E não teremos certamente que escolher um lado em detrimento de outro, porque há sempre duas faces de um mesmo fenómeno, de uma mesma realidade. Se a globalização permitiu, no campo da cultura, a criação de novos campos de divulgação cultural (Ásia, África ou América Latina) fora das capitais tradicionais (Paris, Nova Iorque e Londres), também permite que na produção cultural, prime o conceito de benefício mercantil, através do qual se reduz a qualidade, a variedade e a consideração por clientes potenciais que pertençam a uma minoria.
Assim sendo, é essencial analisar e debater a forma como o discurso se constrói. Além disso é difícil discutirmos uma produção científica pessoal, um conhecimento ou uma aprendizagem que possamos caracterizar como correctos, contudo a própria ciência fornece-nos instrumentos, procedimentos e técnicas de forma a fazer a ruptura com o senso comum.
Surge aqui a questão da (im)parcialidade. É usual acusar o sociólogo de parcialidade ou de distorção quando mostra sentimentos ou reacções de simpatia sobre aqueles que observa e analisa, aquilo a que Howard Becker denomina por hierarquia da credibilidade. Este autor parte do pressuposto de que o sociólogo não é neutral quando estuda a sociedade, e que, havendo sempre mais do que uma opção de valor em presença, o sociólogo tem de tomar posição e tem que estar consistente da posição que toma. Daí que se torne impreterível a auto-reflexividade, ou seja, o questionamento sistemático e permanente sobre aquilo que observamos, que caracterizamos, que estudamos. Contudo, sem nunca nos conformarmos com a injustiça, com as desigualdades sociais...pese embora as dificuldades e os obstáculos.

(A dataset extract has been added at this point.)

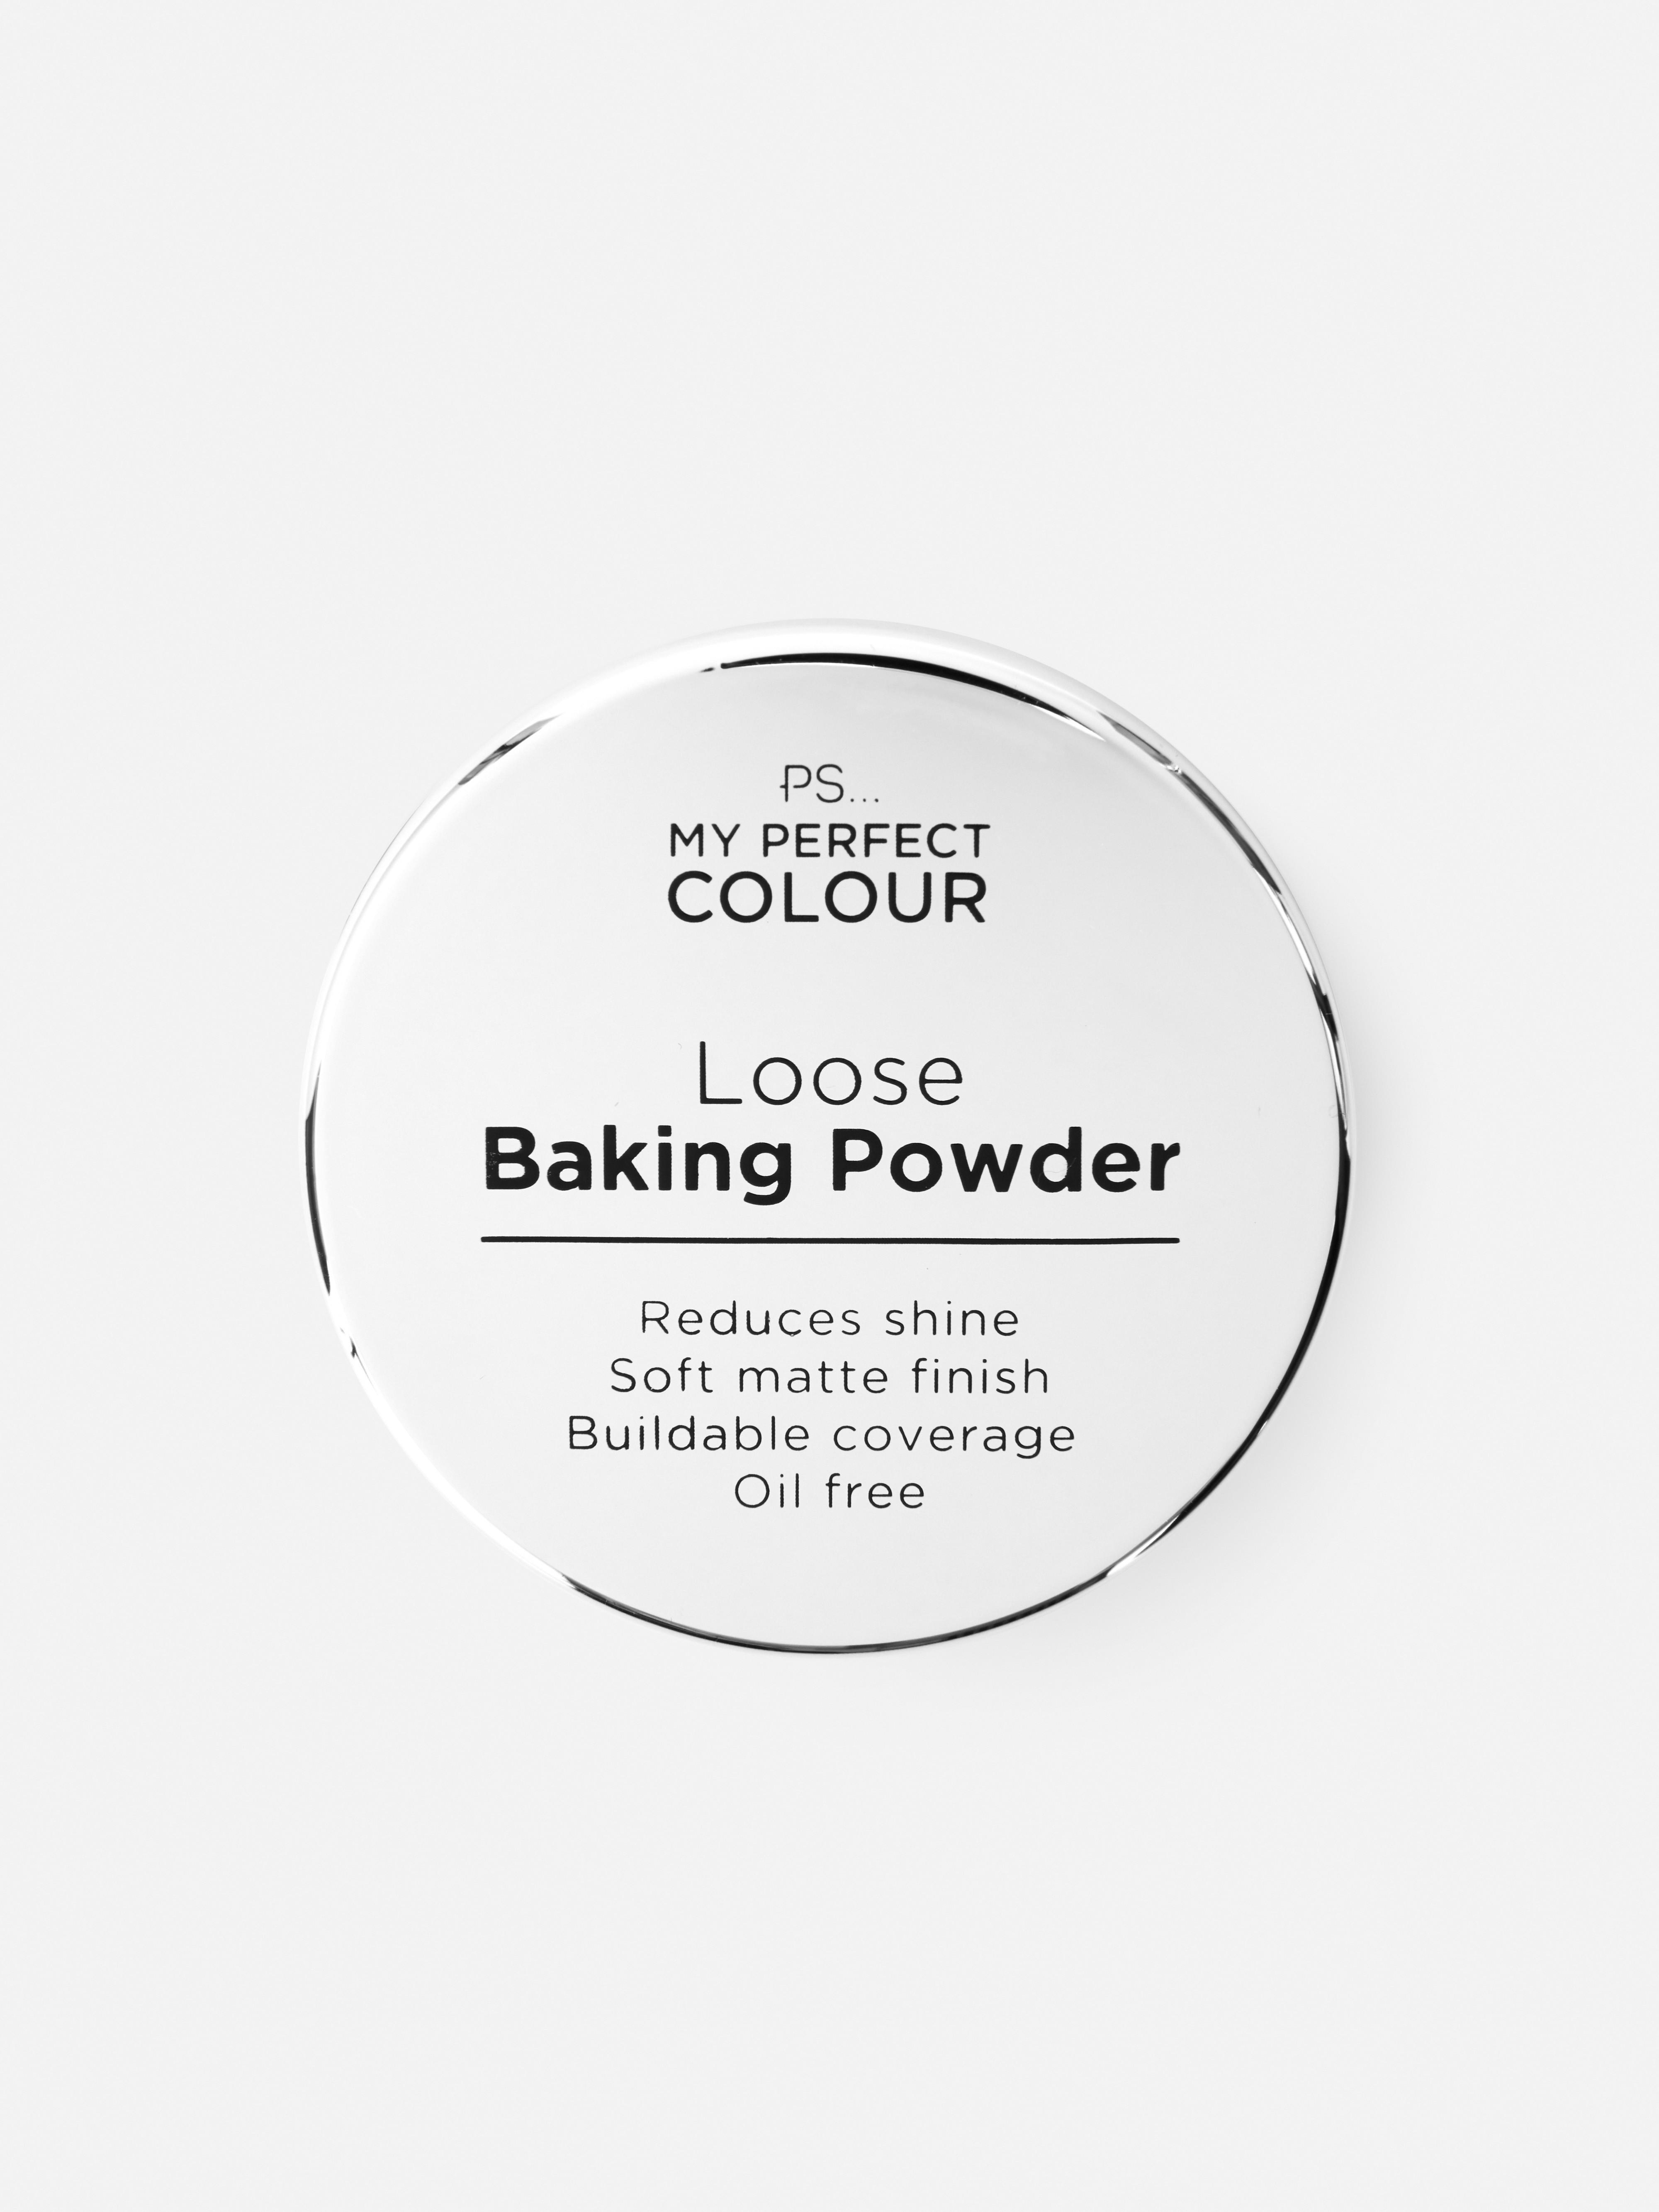 Los Baking Powder PS My Perfect Colour

O saber, o conhecimento, a ciência têm de ser construídos à escala humana, e o seu resultado valerá pouco se não for calibrada pela experiência pessoal. Mesmo porque a ciência moderna caracteriza a prática quotidiana através de um debate sério e não pelo reforçar de lugares comuns. A Sociologia tem de voltar a ser a consciência da transformação social progressista, porque só "a sociologia entre todas as ciências do homem nos põe em condições de decidir aquilo que queremos fazer do que fizeram de nós. Por outras palavras: graças à sociologia, podemos doravante explorar, e em seguida racionalizar, as nossas próprias motivações. Ou noutros termos ainda: a sociologia torna-nos mais livres." (Sartre, 1969).